* [WHAT IS EXPECTED]:
The whole listing needs to be written out exactly, except for any images.

* [DATA EXTRACT]:
^^^^

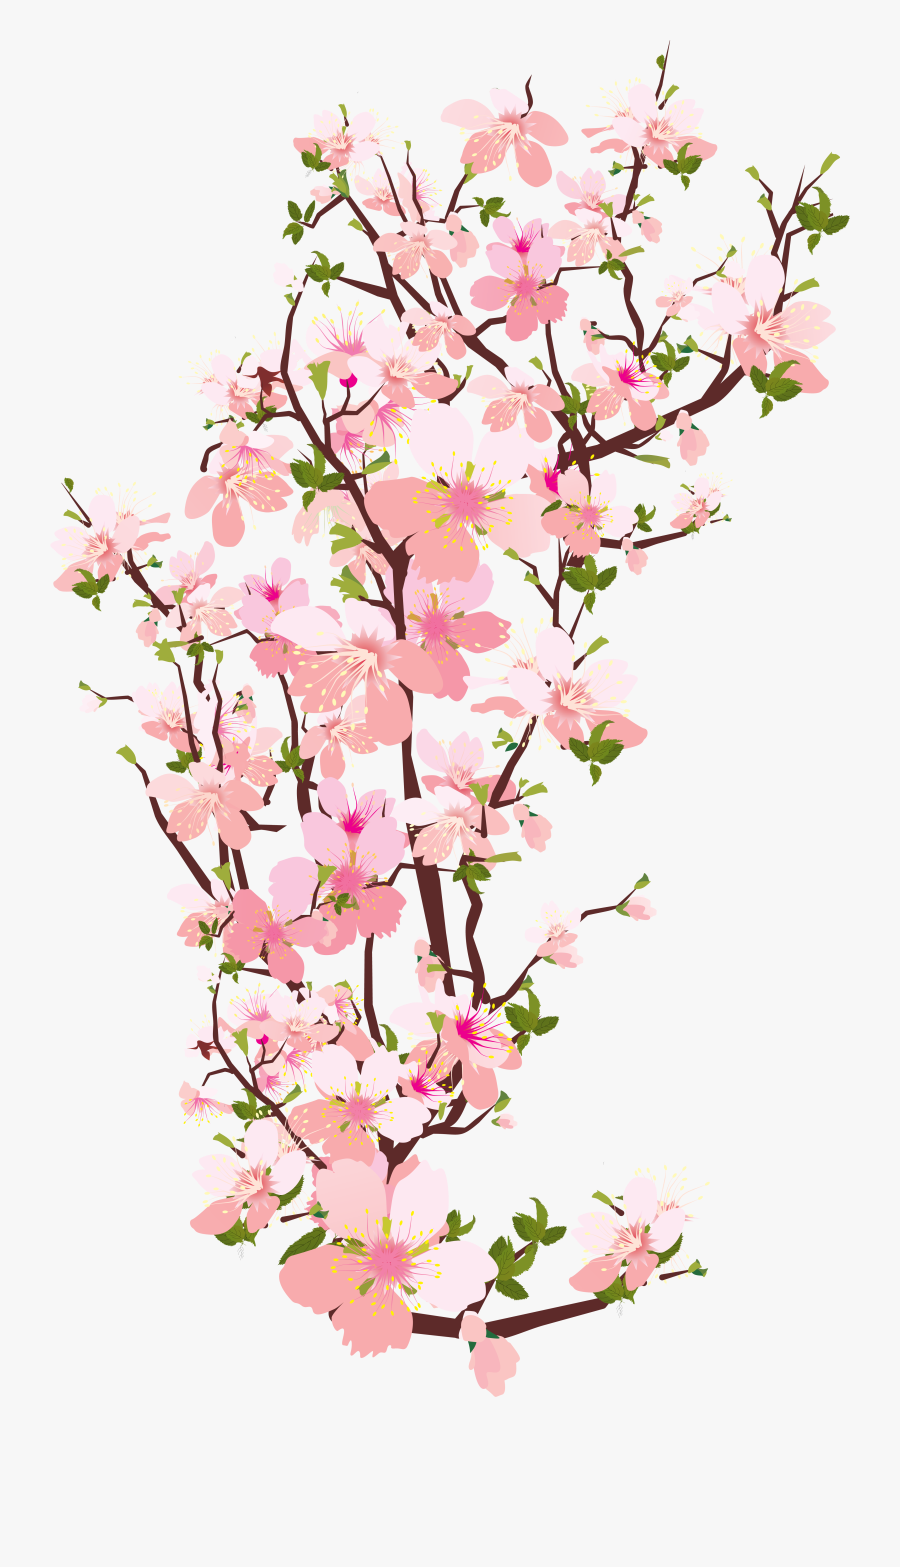 Blossom Photo Transparentpng - Transparent Cherry Blossoms Clipart, Transparent Clipart
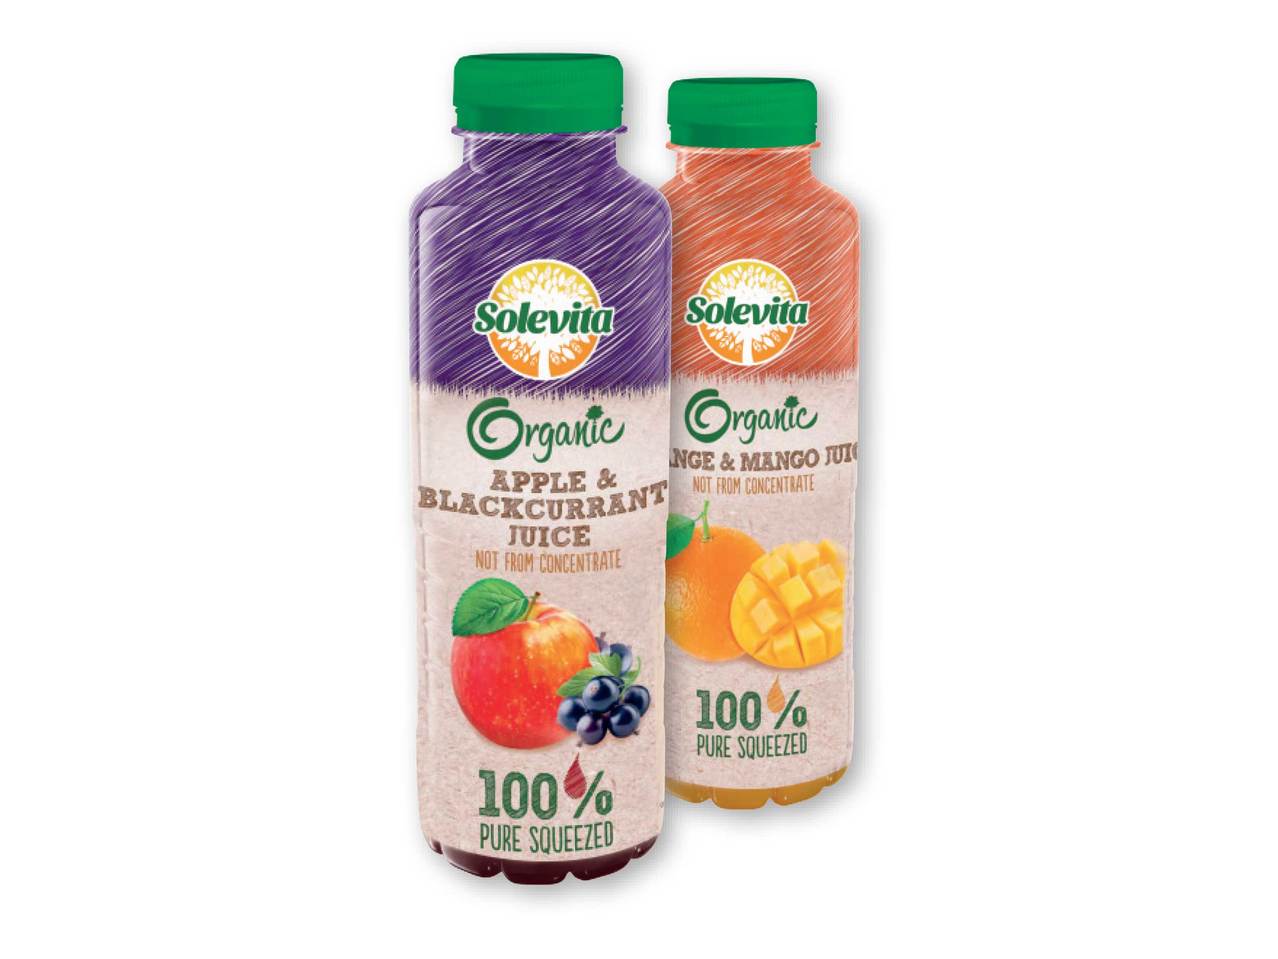 SOLEVITA(R) Organic Juice
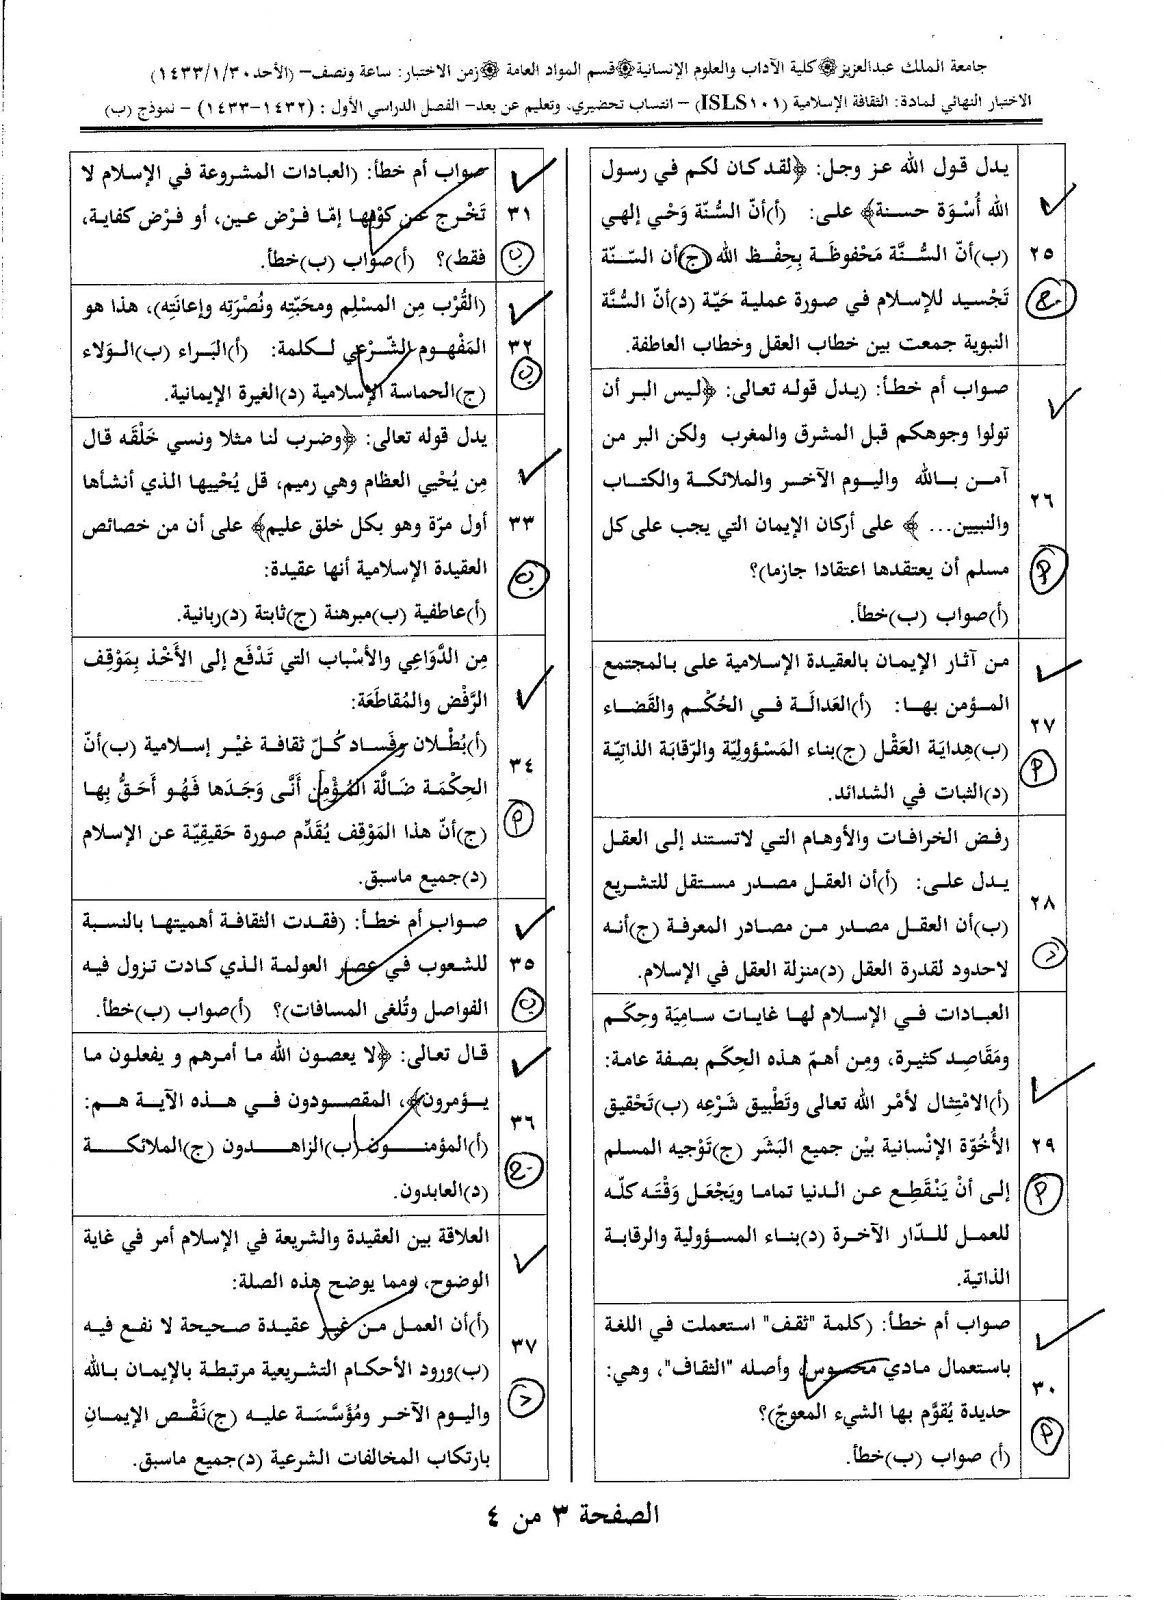 اسئلة مادة الثقافة الإسلامية isls 101 انتساب وتعليم عن بعد الفصل الدراسي الأول 1433هـ نموذج (ب)

^^^^

* [EXPECTED ANSWER]:
 Blossom Photo Transparentpng - Transparent Cherry Blossoms Clipart, Transparent Clipart
 SOLEVITA(R) Organic Juice
 اسئلة مادة الثقافة الإسلامية isls 101 انتساب وتعليم عن بعد الفصل الدراسي الأول 1433هـ نموذج (ب)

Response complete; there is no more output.